Authors: Diane Chamberlain
Jeff took the umbrella from him and walked into the kitchen, while Chris, Rick, the two waitresses and the chef watched from the doorway, and the hushed diners held their breath.
“It’s over there.” The young waitress pointed toward the floor near the broad refrigerator.
A small gray mouse scurried a couple of feet along the baseboard, then stopped. Jeff took a step toward it, then slowly opened the umbrella and held it on the floor; curved edge toward the mouse. “Chase it into the umbrella, Rick,” he said.
“What? How the hell am I supposed to do that?” Rick asked, but before he had even finished his sentence, the mouse! darted of its own accord into the umbrella, which Jeff snapped shut.
“Done,” he said, handing the umbrella to Chris.
Chris took the umbrella from him, dumbfounded.

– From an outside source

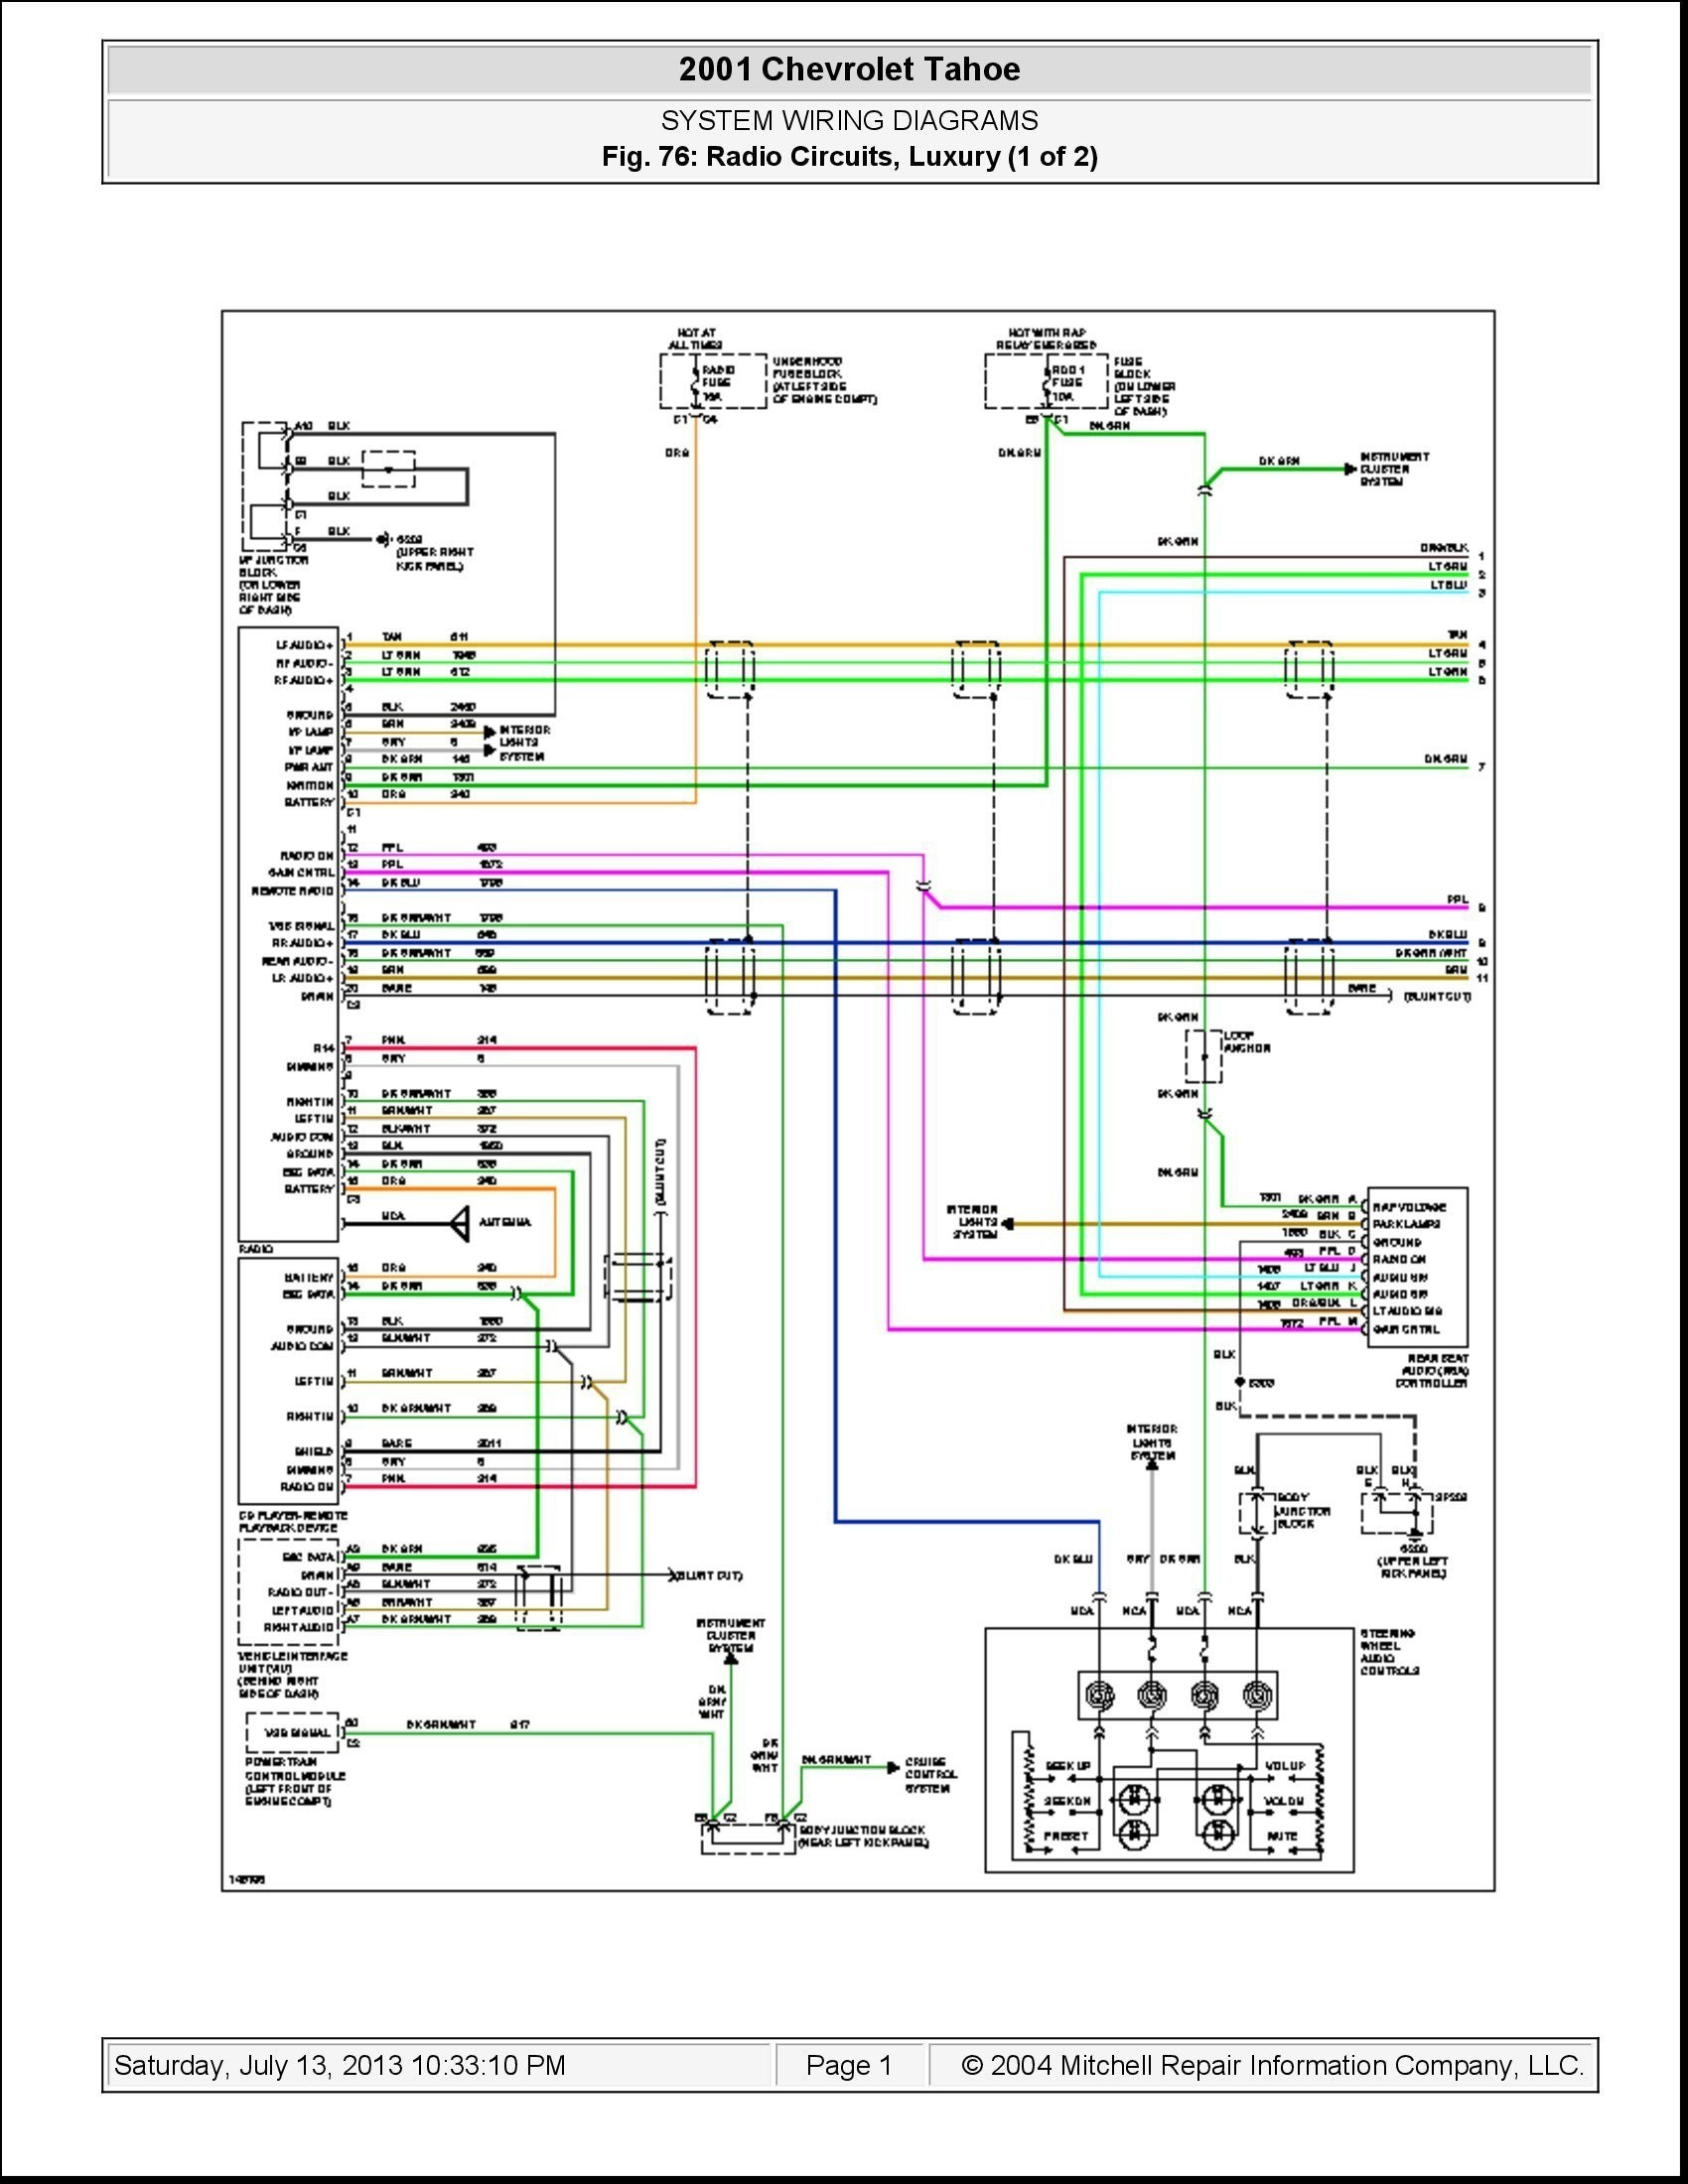 Stereo Wiring Harness For 2001 Camaro - Wiring Diagrams Name  key-satisfaction - key-satisfaction.illabirintodellacreativita.it | 98 Camaro Radio Wiring Diagram |  | key-satisfaction.illabirintodellacreativita.it

Some of the diners broke into applause, which he encouraged by raising the umbrella in the air like a trophy.
Jeff, though, wasn’t smiling. “I’m getting out of here,” he said quietly. Heads turned to follow him as, with a few long strides, he walked out of the restaurant.
Chris watched him go. Jeff was crazy to think he could keep a low profile in Valle Rosa. The town was far too small to absorb him unnoticed. The people in this restaurant would be talking about him over dinner tonight.
He left enough money with Rick to cover their bill and then went out to the parking lot. Jeff was still there, sitting in his black Saab. Chris walked over and set a hand on the open window.
“You’re on, Jeff,” he said. “But this is a very close community. I’m not sure how long you’ll be able to remain anonymous.”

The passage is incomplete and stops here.